One such friend is fellow restaurateur Dave Rabin, who told the New York Post he would ‘do anything to try to stop [Mamdani]’ from becoming mayor. ‘I sent [McNally] some of my posts on Mamdani, and instead of responding to me, he took one of them and posted it and called me a racist.’
Predictably, New York’s food service unions are on board with Mamdani’s promises. Unite Here Local 100, the city’s primary restaurant workers’ union, offered an early and ‘proud’ endorsement of Mamdani back in April. Workers United, which represents several industries including food services, came out strong for Mamdani as well. Neither union responded to a request for comment.
Mamdani may end up having a similar effect on New York’s restaurant industry to Covid
It remains to be seen how they will respond if a tightening industry reduces their membership overall. Restaurant groups, while better situated to weather the storm, aren’t fully immune and, whether through closures or layoffs, staff at all levels of the industry will eventually feel the pain as well.
‘Oddly, they’re supportive [of Mamdani],’ restaurateur Joe Germanotta said of his staff during an interview on Fox News. ‘But if this guy gets in you better start looking for a job,’ he said in response to the higher costs restaurants like his will face.
Mamdani may end up having a similar effect on New York’s restaurant industry to Covid. While pandemic-era inflation and regulations severely hurt the restaurant industry overall, the large restaurant groups that dominate New York largely did just fine; Major Food Group actually expanded. ‘You can’t be a one-restaurant chef any more,’ said chef Eric Huang of his own struggles to scale and compete during this time. The numbers seem to check out. Between 2019 and 2022, Franchise Times, which issues annual reports on the country’s top 200 restaurant groups, reported that revenue in the industry grew from £30.9 billion to £40.7 billion. Though overall growth in the restaurant sector is currently down, revenue for the top 200 continues to grow. New York-based website Eater made it official, declaring that ‘restaurant groups are the new chains’.

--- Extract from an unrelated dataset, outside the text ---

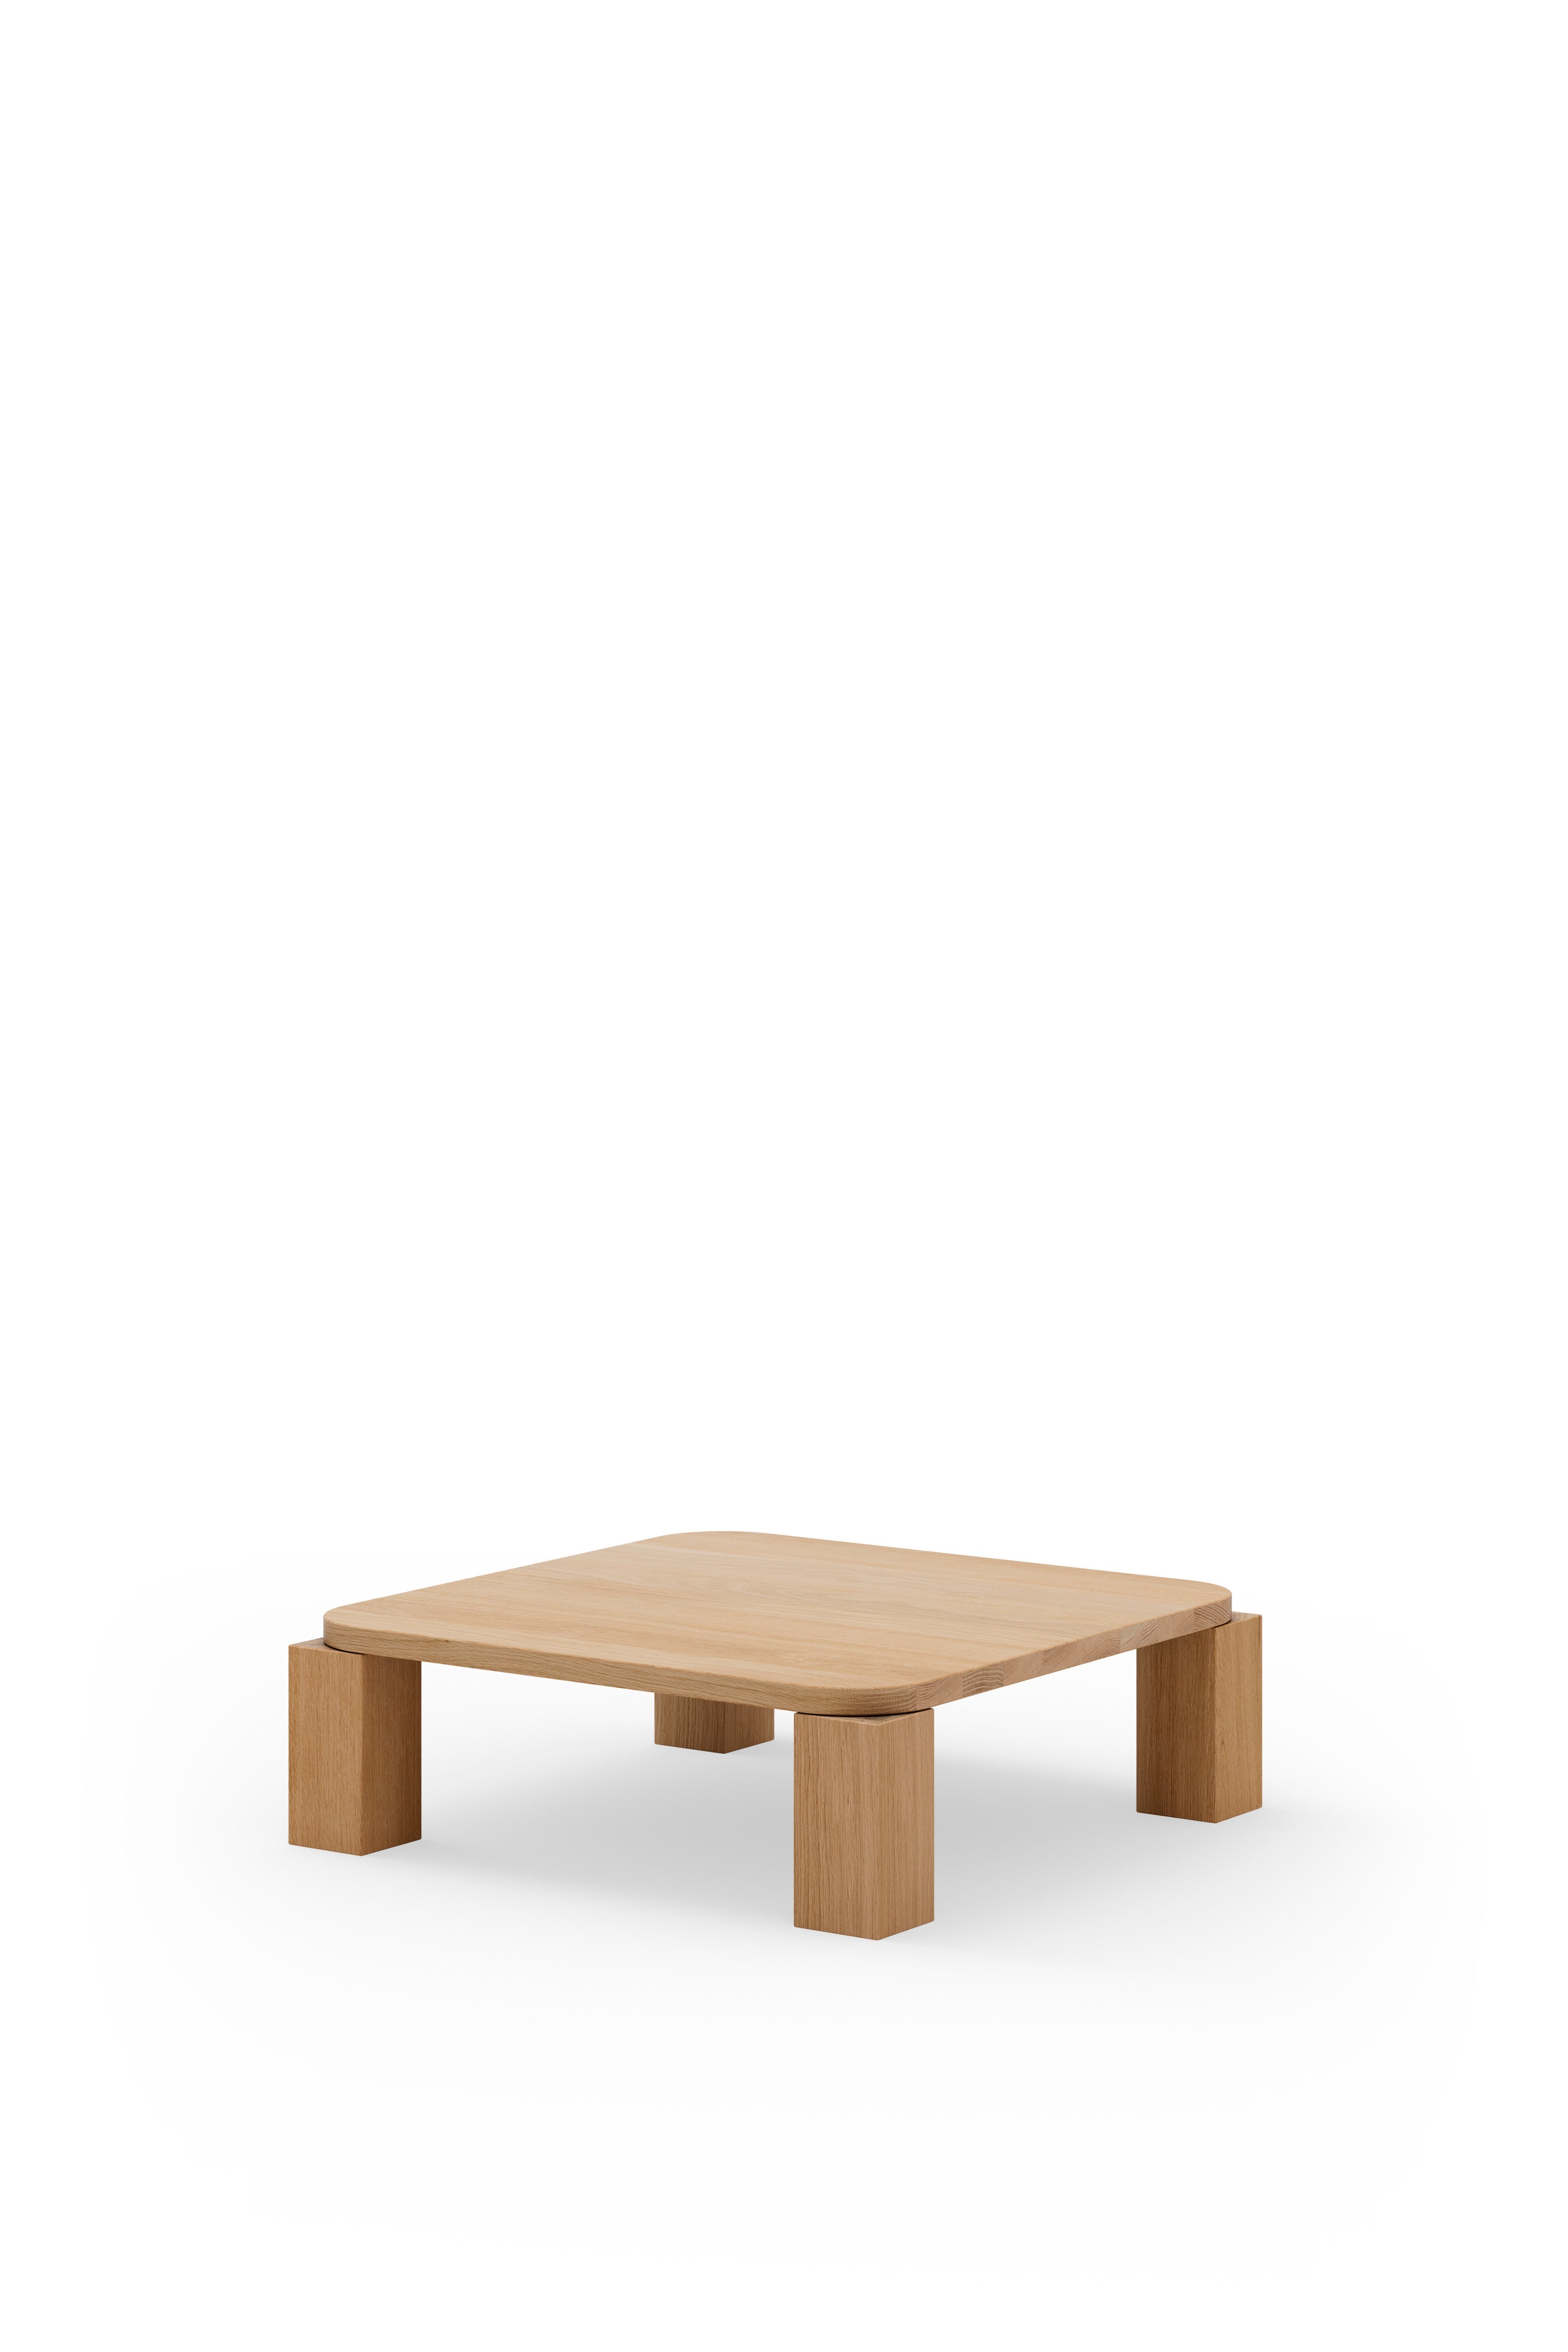 New Works Table basse Atlas chêne naturel, 82x82 cm
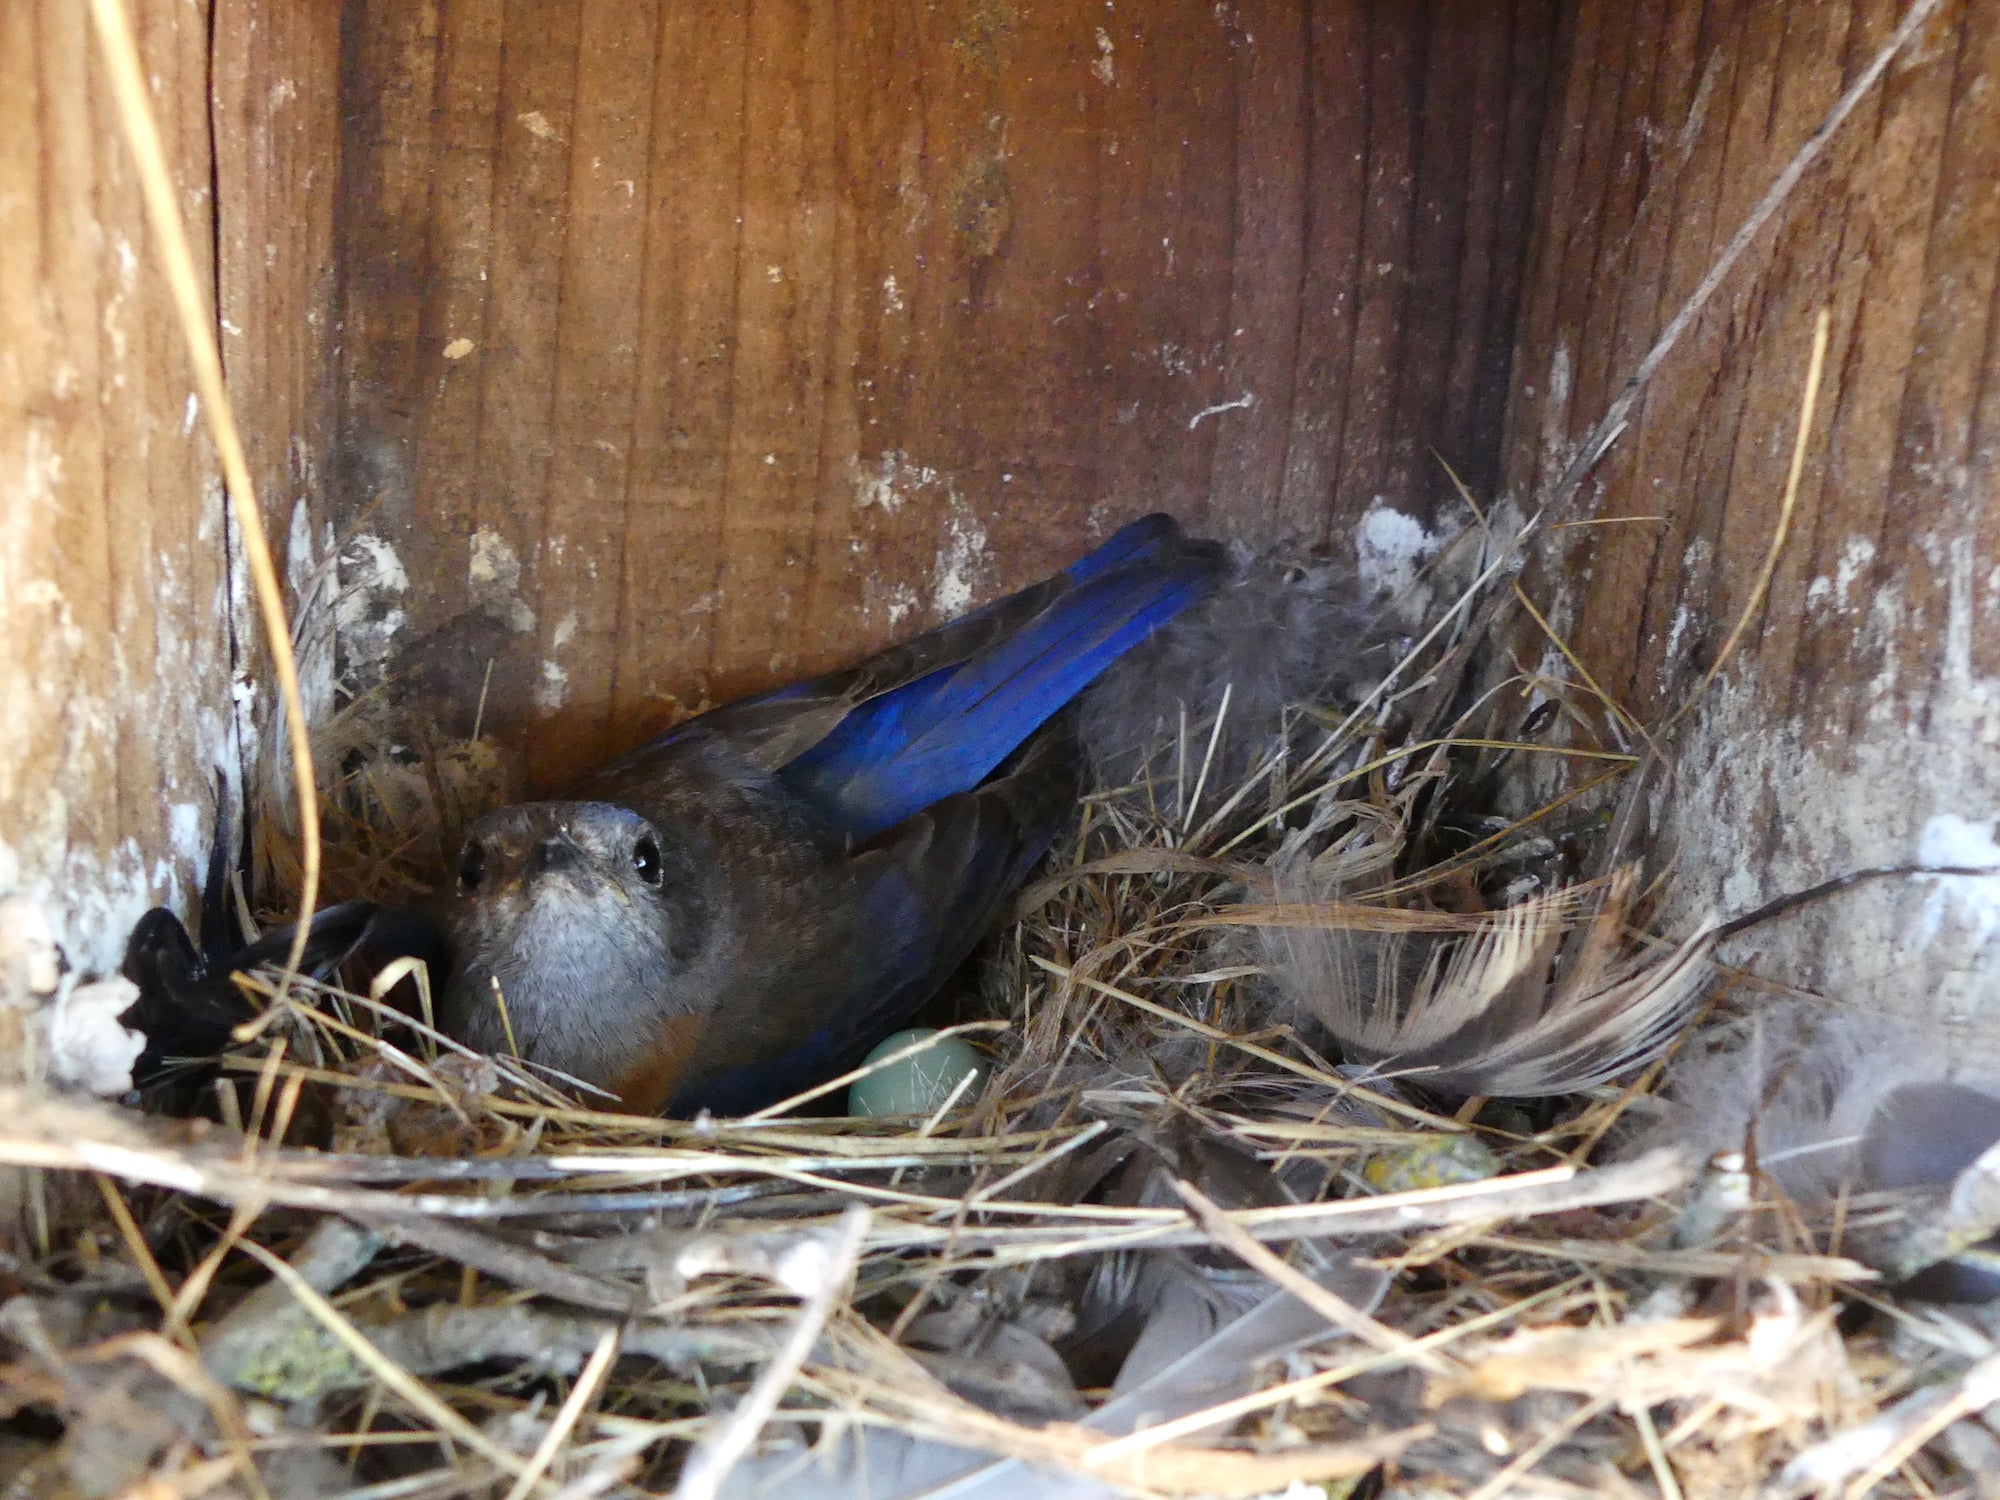 Western bluebird incubates eggs in a nestbox

High-end restaurant groups aren’t bad, per se, and New York has many of them. That’s to say nothing of the elevated fast-casual takeover (Dig, Little Beet, By Chloe), which offers the convenience of Starbucks or Chipotle for the more refined urbanite. Yet often, they deliver a dining experience more based on marketable aesthetics, trendy buzzwords and perceived exclusivity than actual food or service. This misplaced emphasis undermines New York’s foodie dynamism, the very diversity that progressives like Mamdani claim to champion.
So forget affordability; that’s long dead. Under Mamdani’s democratic socialist rule, restaurants are only going to get more expensive. But given that New York is the world’s richest city, habitual diners won’t be too perturbed. The real crime is that the New York food scene will be further dominated by the tastes of a select few, and a dining experience that all blends into blandness.